Reducing freshwater demand

A key objective for operators in deploying the mobile ClO2 oxidizer system is to treat produced and flowback water in tanks before it’s blended with freshwater for use in hydraulic fracturing operations. For example, a hybrid strategy for one operator was implemented with water in the first impoundment treated on-the-fly as it was being transferred. Water from the other two impoundments received batch treatments in place, which required the impoundments to be thoroughly mixed before, during and after the treatment to reduce the chance of hot spots occurring due to excessive chemical residue. Mixing also ensures that all contaminants are effectively oxidized.

A thorough water analysis was performed on all the source water impoundments prior to treatment to determine the ionic and bacterial composition of the water and the amount of ClO2 that would be needed for treatment. The source water also was periodically tested during the treatment process, and finished product samples were taken to measure water quality and check for any ClO2 residue.

About 300,000 bbl of water were treated from the three impoundments. The treatment resulted in an eight-bottle log reduction in bacteria and complete oxidization of the FeS. The process significantly improved the water clarity and eliminated the odor, resulting in a greater percentage of the produced water becoming eligible for reuse. By removing the contaminants from the produced and flowback water, the operator was able to achieve the same hydraulic fracturing formulation typically required for freshwater.

The use of the mobile ClO2 treatment service delivered multiple benefits to the operator, significantly reducing the costs and risks associated with water disposal and transportation, and it preserved millions of gallons of water already in the impoundments, thus eliminating the need for additional freshwater sourcing.

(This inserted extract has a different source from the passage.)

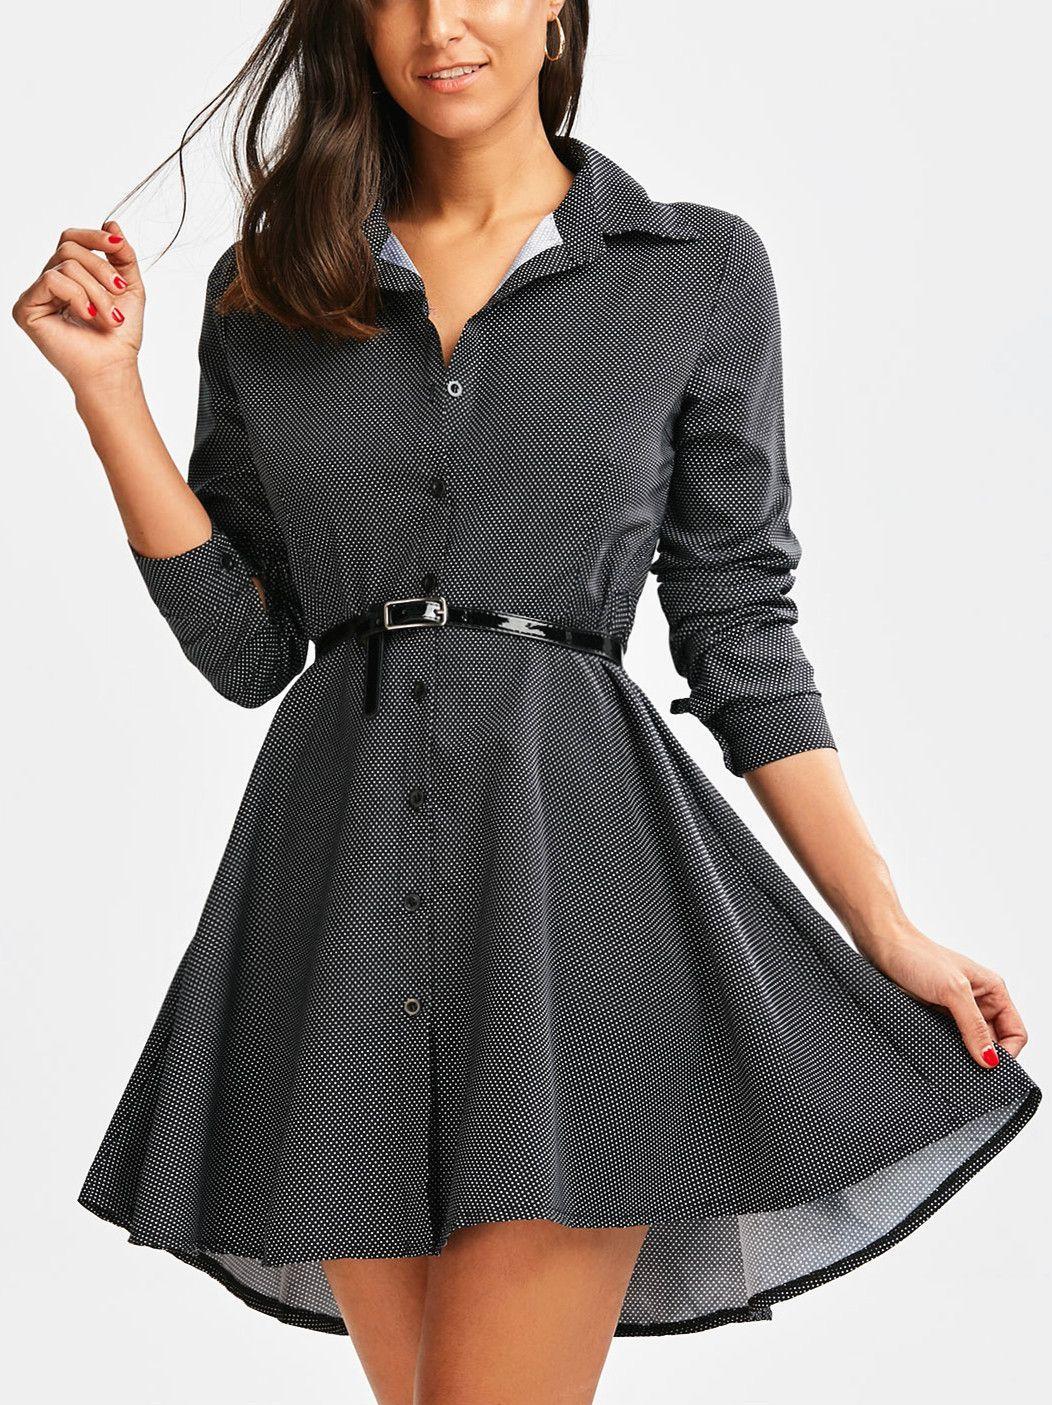 Vintage Dresses Retro Polka Dot Dresses Off The Shoulder Fitted Dresses Long Sleeve Black Lace Mini D Casual Dresses Casual Dresses For Women Dresses For Teens [ 1405 x 1052 Pixel ]

Ongoing success in the shale plays is dependent on optimizing field and wellbore economics while conducting operations in ways that reduce the environmental footprint. Development of technologies that enable prudent use and reuse of water signifies an important step-change in the industry’s ability to confront and overcome extraordinary challenges to the safe and efficient production of hydrocarbons in these important frontiers.